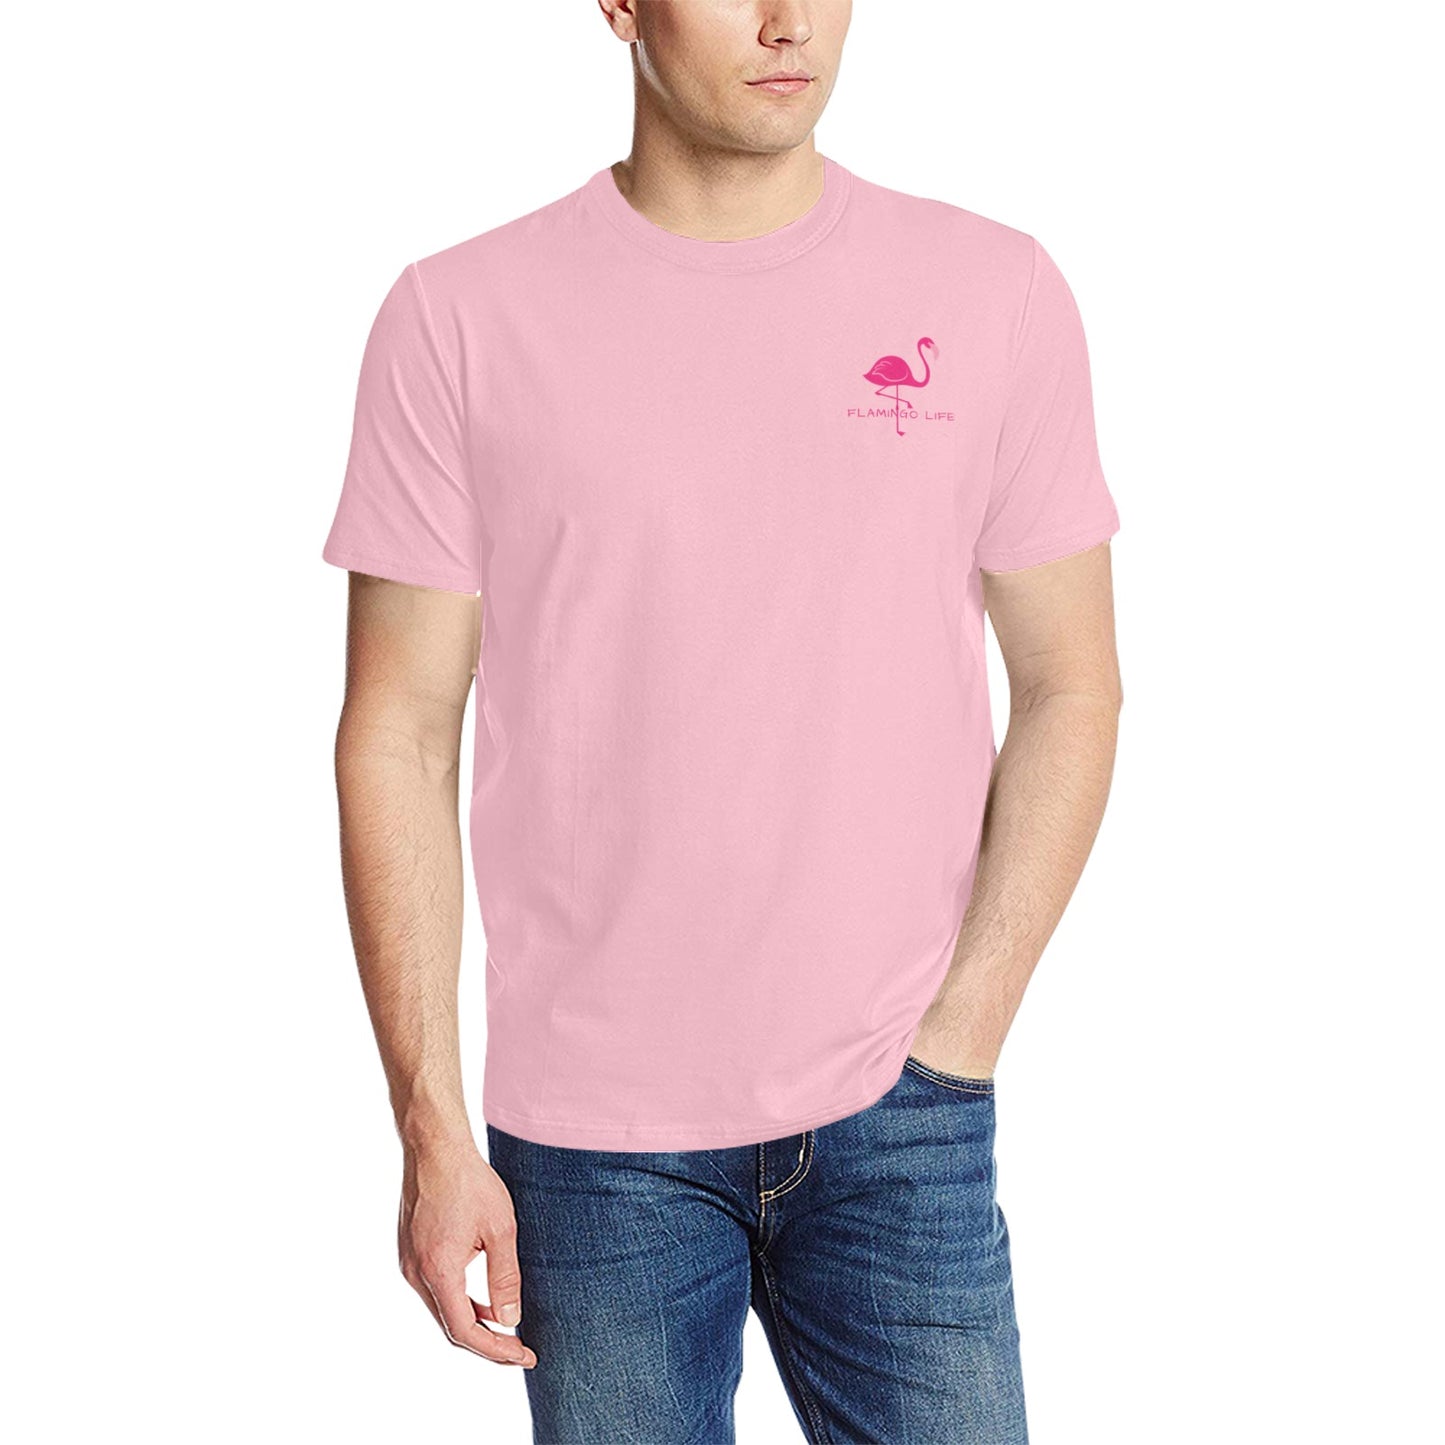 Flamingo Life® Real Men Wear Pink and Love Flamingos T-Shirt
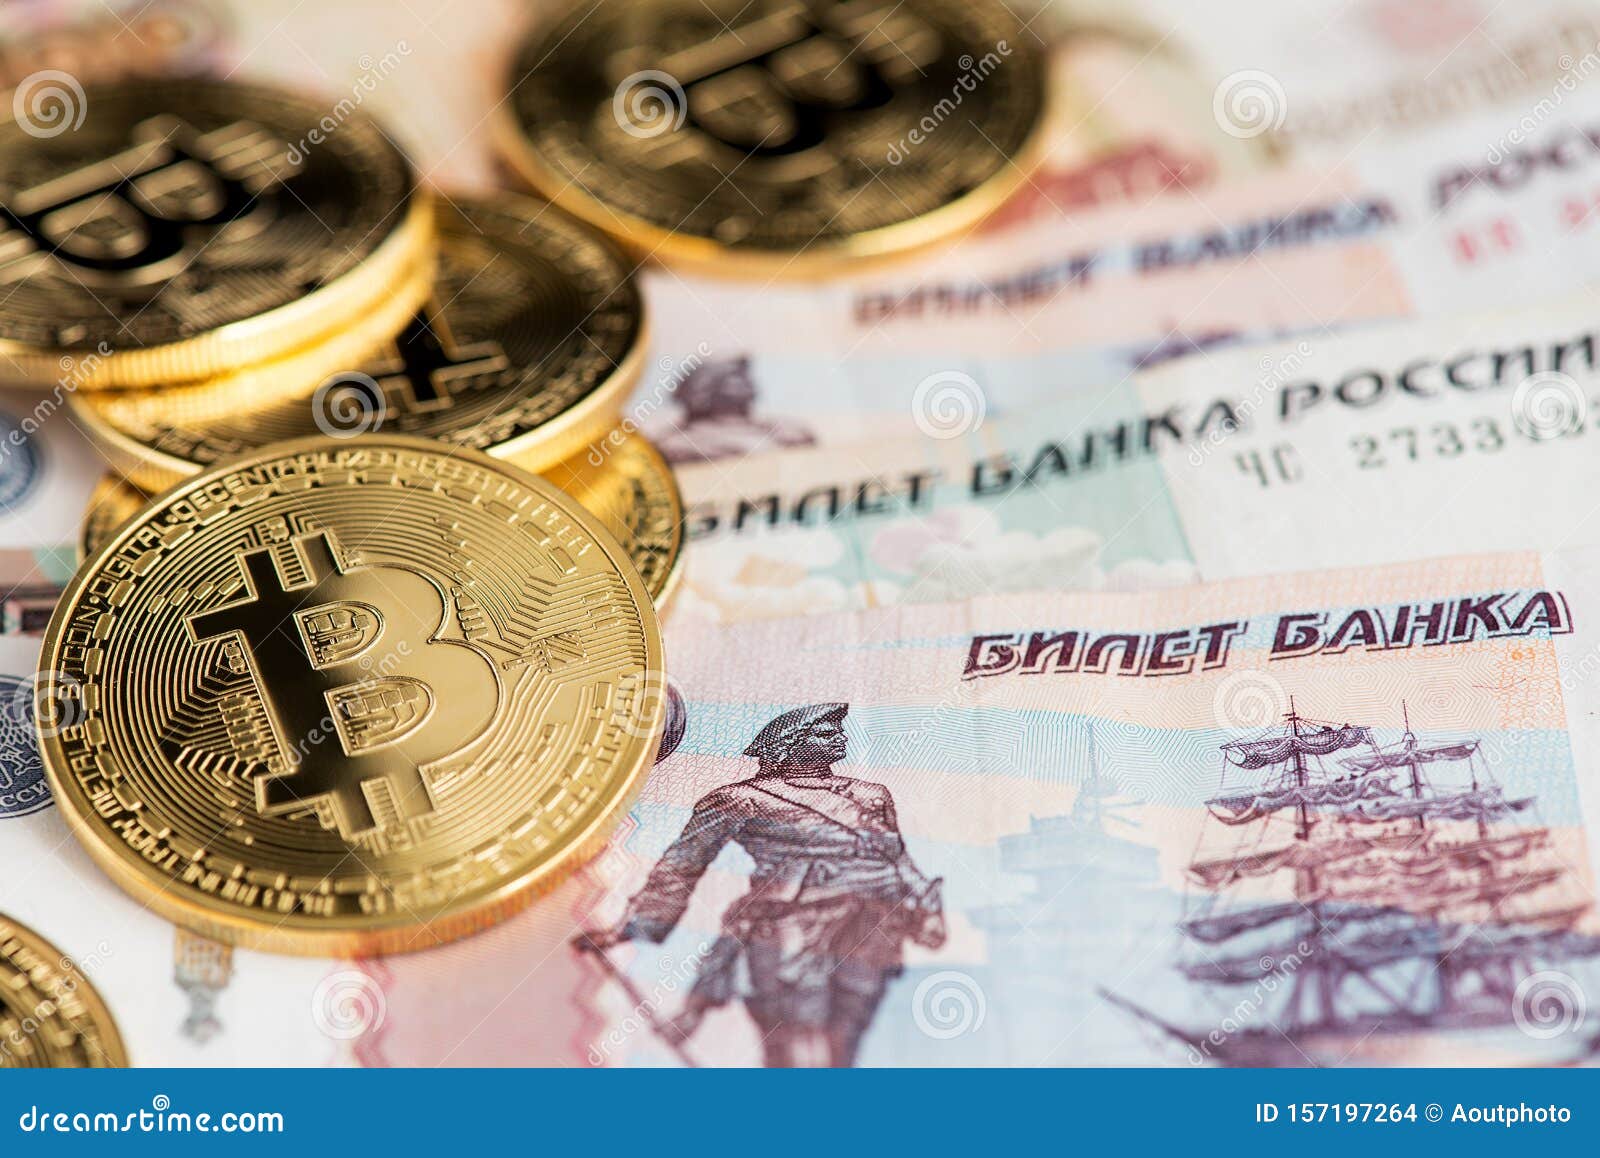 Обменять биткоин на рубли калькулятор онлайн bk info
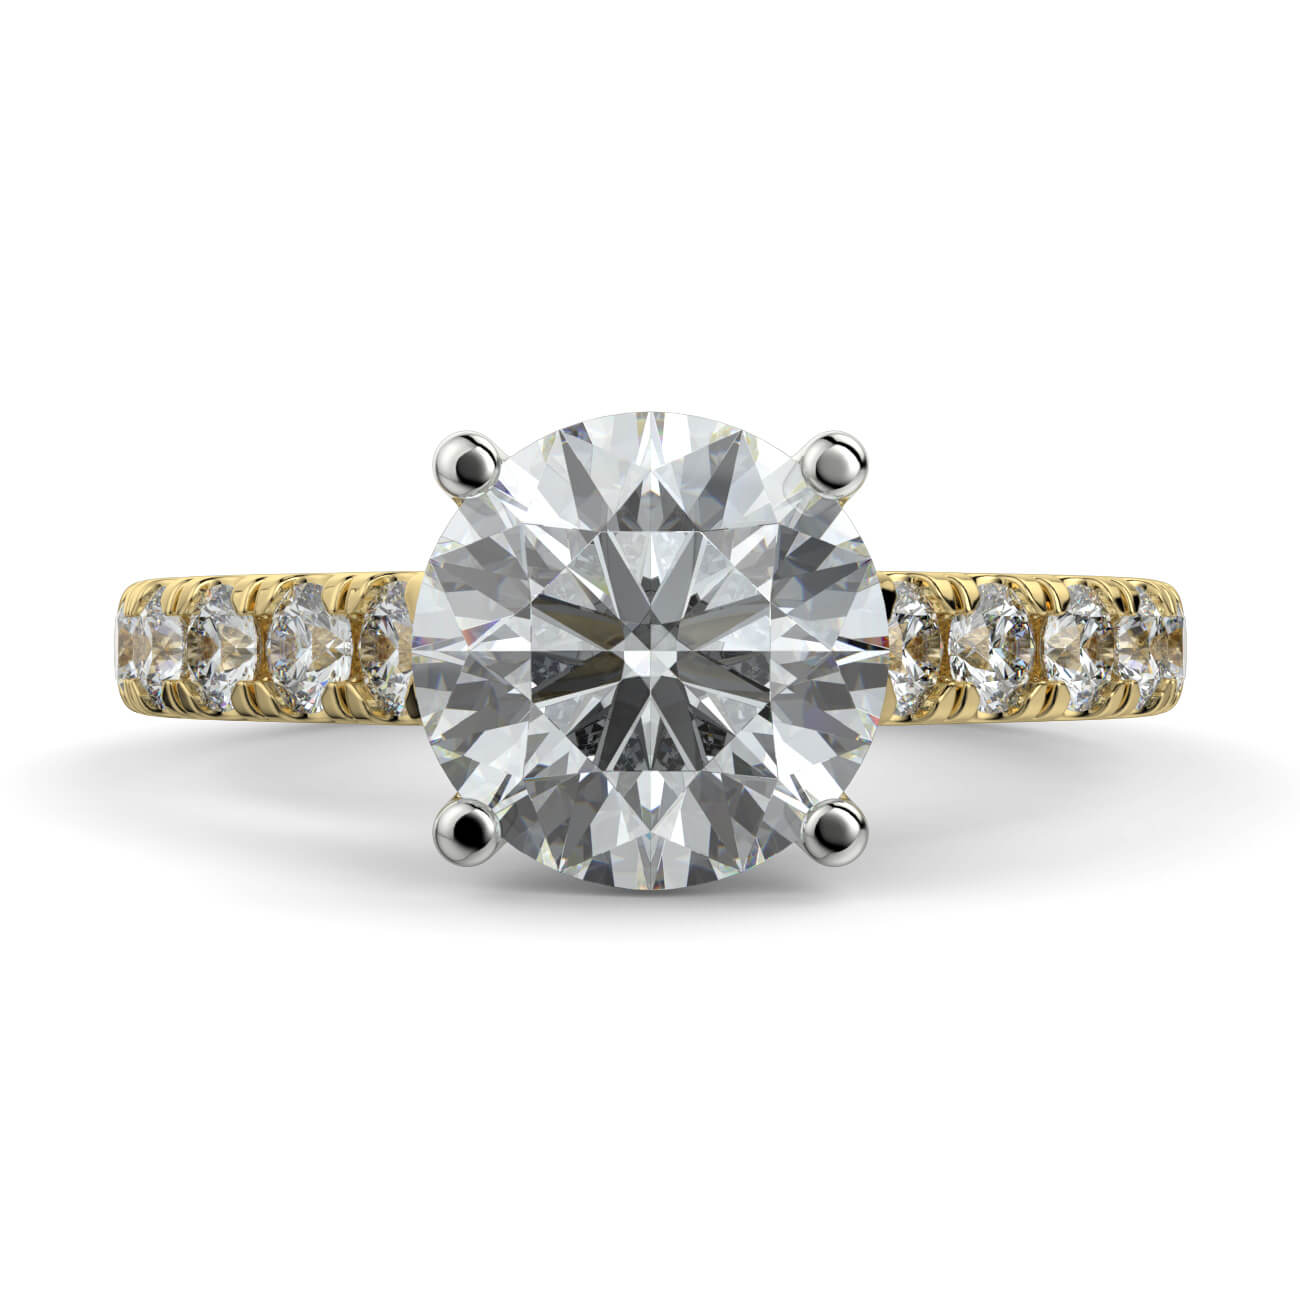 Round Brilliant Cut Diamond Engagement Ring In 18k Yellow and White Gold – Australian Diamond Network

=== Work to complete ===
Restate every line above exactly, omitting images.

=== Solution to the exercise ===
 Flamingo Life® Real Men Wear Pink and Love Flamingos T-Shirt
 Обменять биткоин на рубли калькулятор онлайн bk info
 Round Brilliant Cut Diamond Engagement Ring In 18k Yellow and White Gold – Australian Diamond Network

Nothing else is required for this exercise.